Thursday, September 25, 2014

Teaching with Intention: Chapter Five

One of the things that Debbie discusses int his chapter is how to teach so out students can remember and understand what they've learned. How important! And as she says, how often do we read something and then are unable to recall what we've learned from it? This chapter apple not only to our teaching, but also our learning.


I LOVE this quote. And oh how true it is!! I was blessed as a child to grow up attending a Waldorf school, where the teachers were able to ignite our passion for learning. I loved school and remember far more from my elementary days that those from my public high school education. This is NOT to say that there are not teachers who are able to teach with enthusiasm and ignite passion in public schools. I taught in a public school and will eventually return to this job. I do however feel that it is an ever increasingly difficult task to do so. As this quote says, if we can engage our students and get them excited and passionate about what they are learning, they are far more to learn it for life than to simply memorize it for a test, something I became an expert at in order to survive high school.

Some of the ways to help students remember new information is to relate it to things they already know. To make those oh so important connections! Another way is to make the learning "visible." Make charts, draw pictures of what you are teaching; have them partner up and discuss what they have learned. Explaining it to another student, one who may have an entirely different view and understanding of the subject matter than a teacher, can be a powerful learning tool.

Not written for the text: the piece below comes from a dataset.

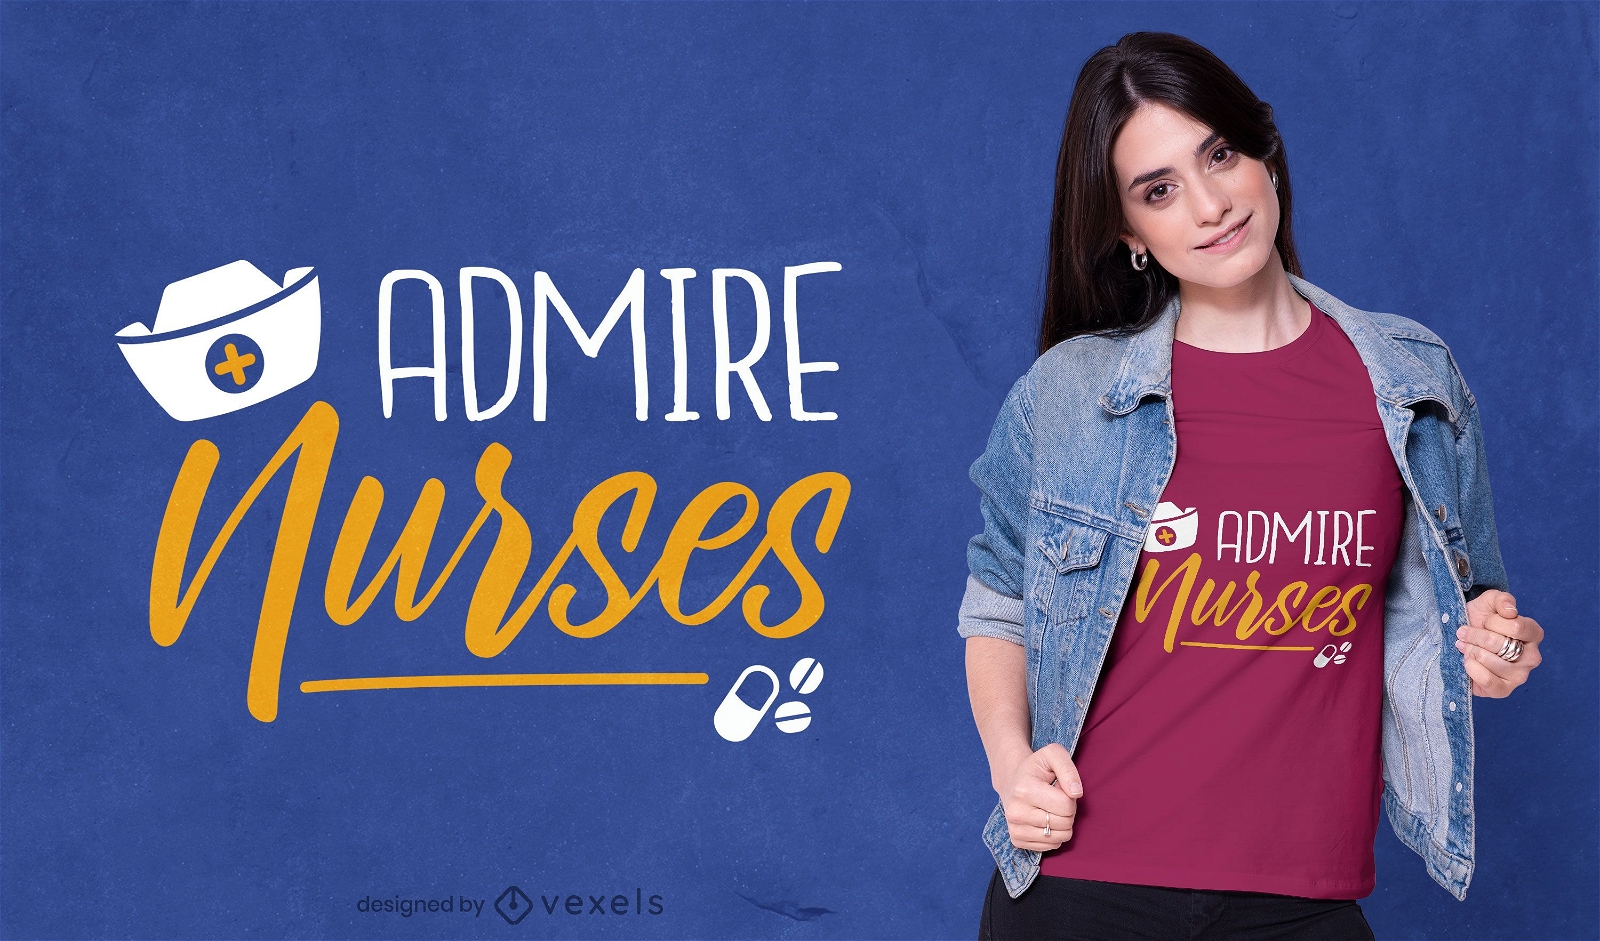 Admire nurses t-shirt design

As challenging as it can be, it is so important to remember that at the end of the day we are not, or should not really be, teaching to the test. We are teaching these little people to be excited about learning, to look at the world as a fun and exciting place that is just waiting at their finger tips, not a place where everything is about a test. I strive to remember this when I am teaching, and will be the first to admit that it is extremely challenging, especially when your school is under pressure to preform well on state tests to raise their grade. All I can do is my best.